# Quick lost focus?



## DanLaw001 (Jan 13, 2014)

Hello, I don't know why when sometime I attempt to take some photos with close object with my Sony bridge camera and with my other cameras as well, sometime it finds the focus perfectly and I can see the sharp image for a fraction of second on the screen but it losses the focus right away and the image on the display becomes extremely blur. Thus, is there a way in which I can keep the sharp image that was on the screen so that I could take the image with clarity and detail or is there a way allowing me to know that if the camera is focused on the object correctly. Thanks.


----------



## dxqcanada (Jan 13, 2014)

What camera(s) are you referring to ?


----------



## Designer (Jan 13, 2014)

You might have the "wrong" focusing mode activated.  Visit the menu of focusing modes.


----------



## Bob01721 (Jan 13, 2014)

As Designer said, you may not be in "close focus" or "macro" mode.

Also, how "close" is "close?"  If you're in *real *close, the depth of field is _super _narrow and the camera could easily be "losing focus" if you're hand holding it.  See if a tripod makes a difference.

FWIW, I do some macro photography with a manual focus camera fitted with a bellows on a focusing rail and a bellows lens.  Focus is VERY touchy, so I imagine an Auto Focus camera must have a _heckuva _time achieving focus lock, _especially _if hand held.


----------



## Nervine (Jan 14, 2014)

Maybe post an example picture with the exif data so we can see better.

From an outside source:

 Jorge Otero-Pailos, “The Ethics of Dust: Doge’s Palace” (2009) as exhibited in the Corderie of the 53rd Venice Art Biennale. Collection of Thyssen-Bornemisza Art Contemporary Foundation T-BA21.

I shoot predominately macro and I find it's easier to focus via the viewfinder and half press shutter and when I get to the right point push in the last bit. This is all in manual focus though. 

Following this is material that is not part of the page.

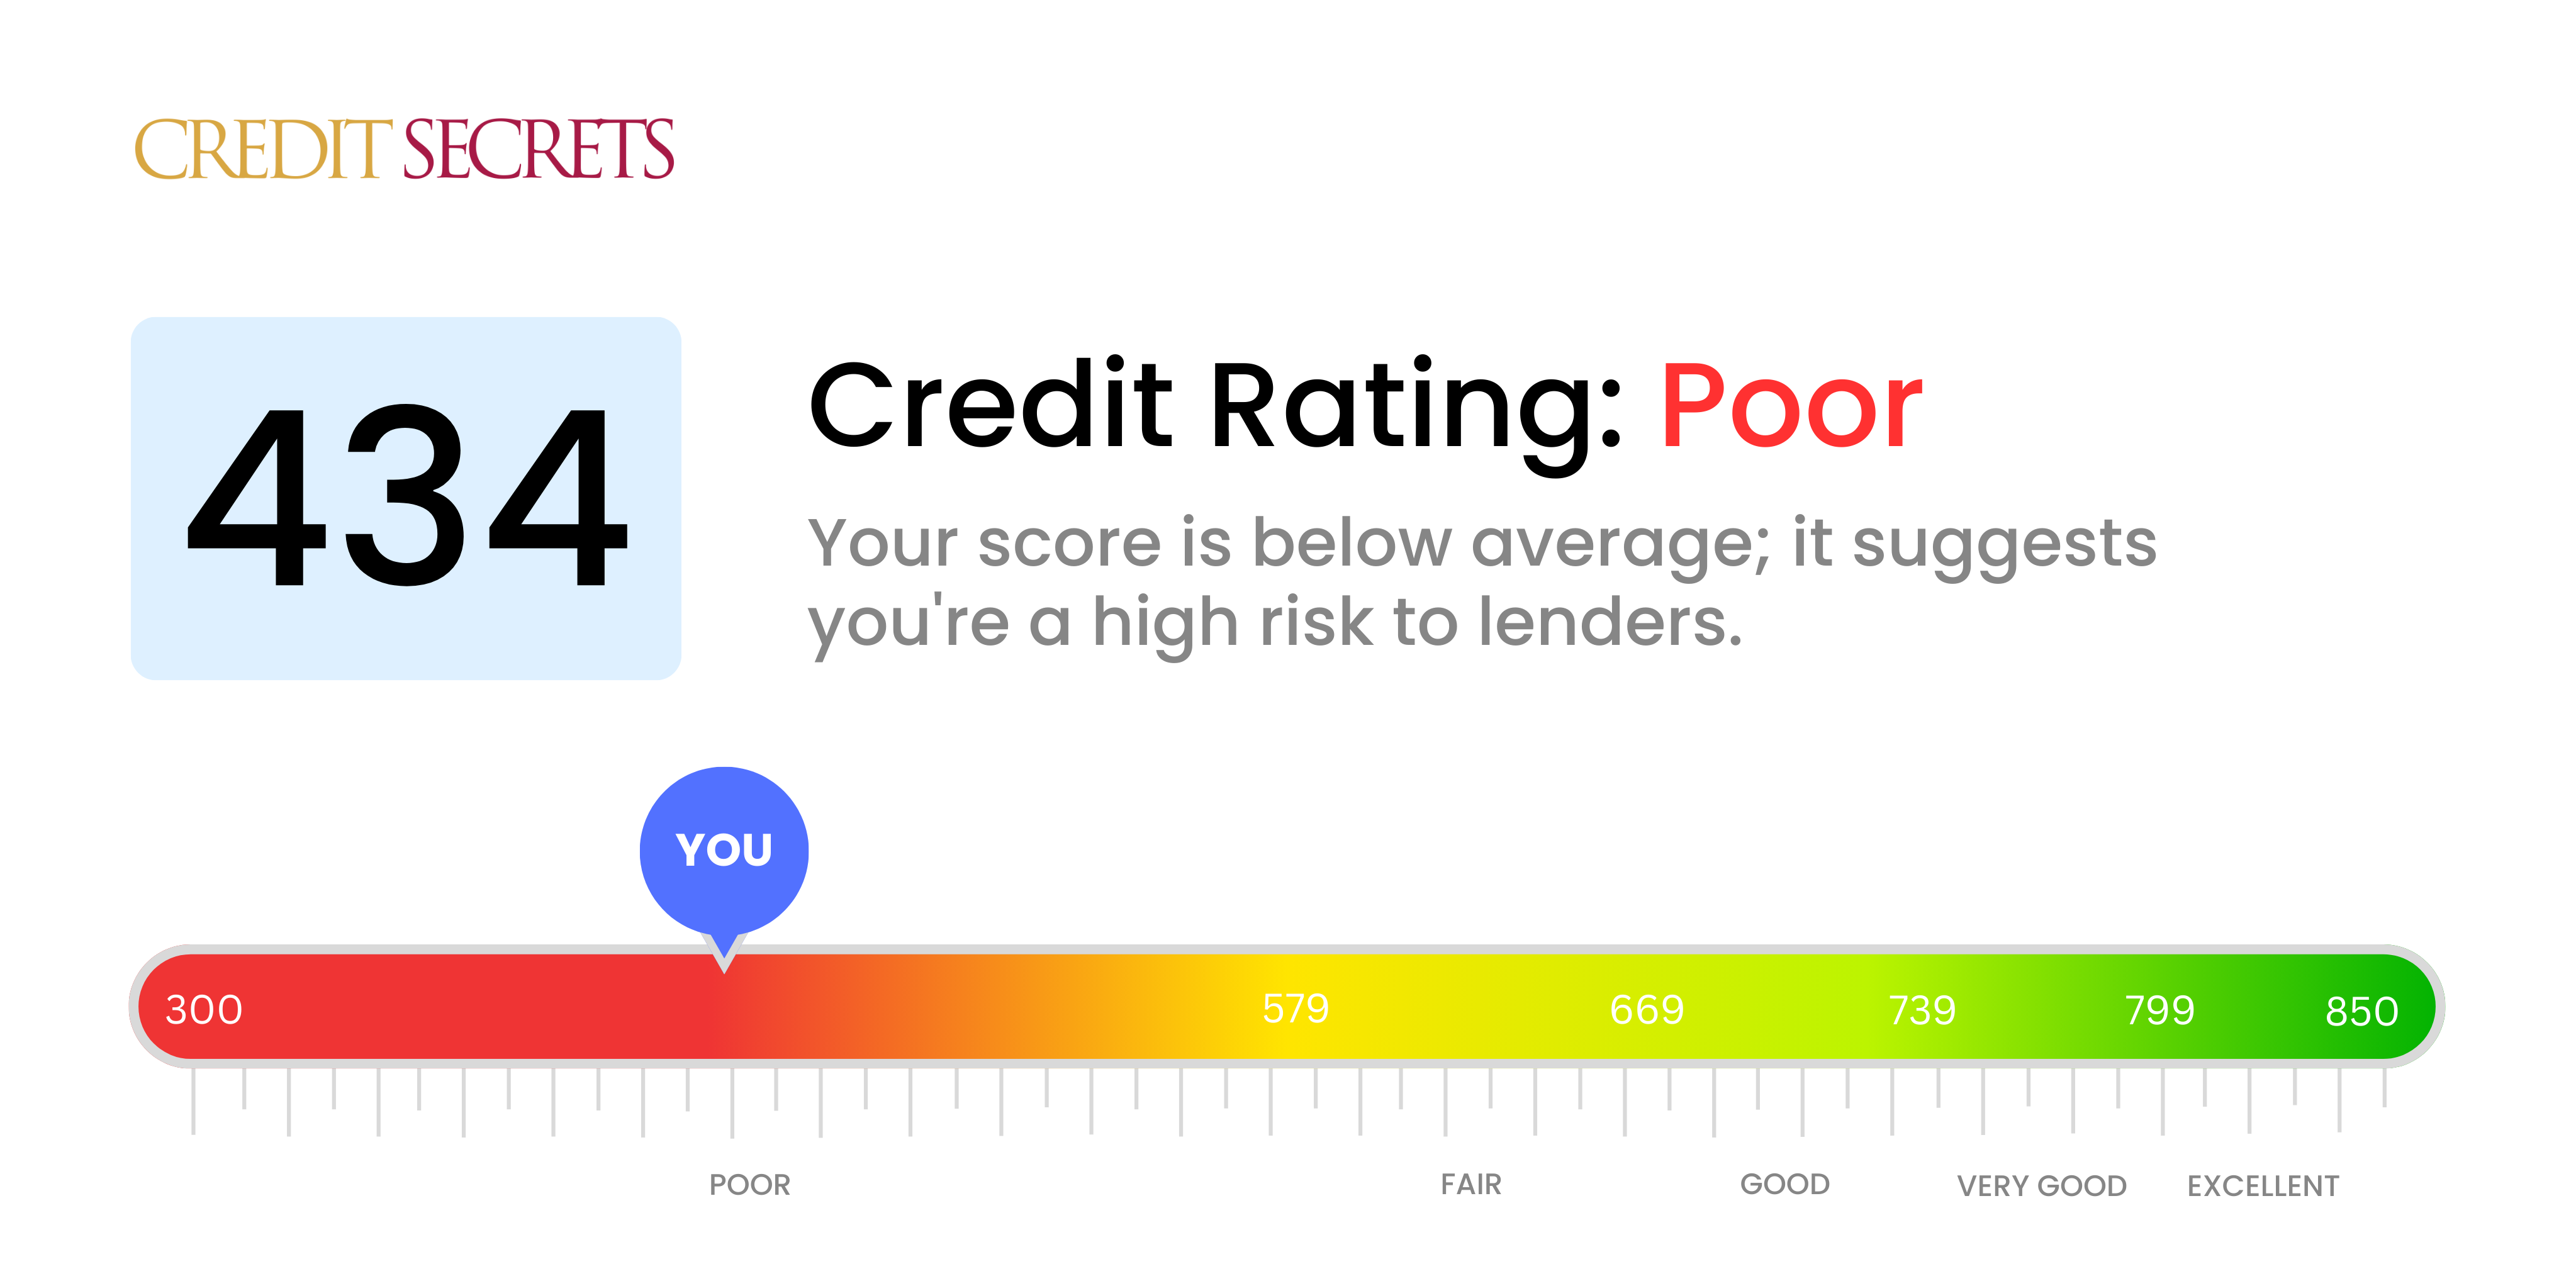 Is 434 a good credit score?

Is there a possibility the blur is from pressing shutter?


----------



## DanLaw001 (Jan 14, 2014)

I am using Sony DSC H200 camera (but this also happened with my old Olympus stylus 1030). I use the manual option with this camera mostly and it allows you to set the F-number and the shutter speed manually.


----------



## Kolia (Jan 15, 2014)

I think Sony point and shoot camera will only go to macro mode while in auto mode. 

Try it.


----------



## Kolia (Jan 15, 2014)

Double post...


----------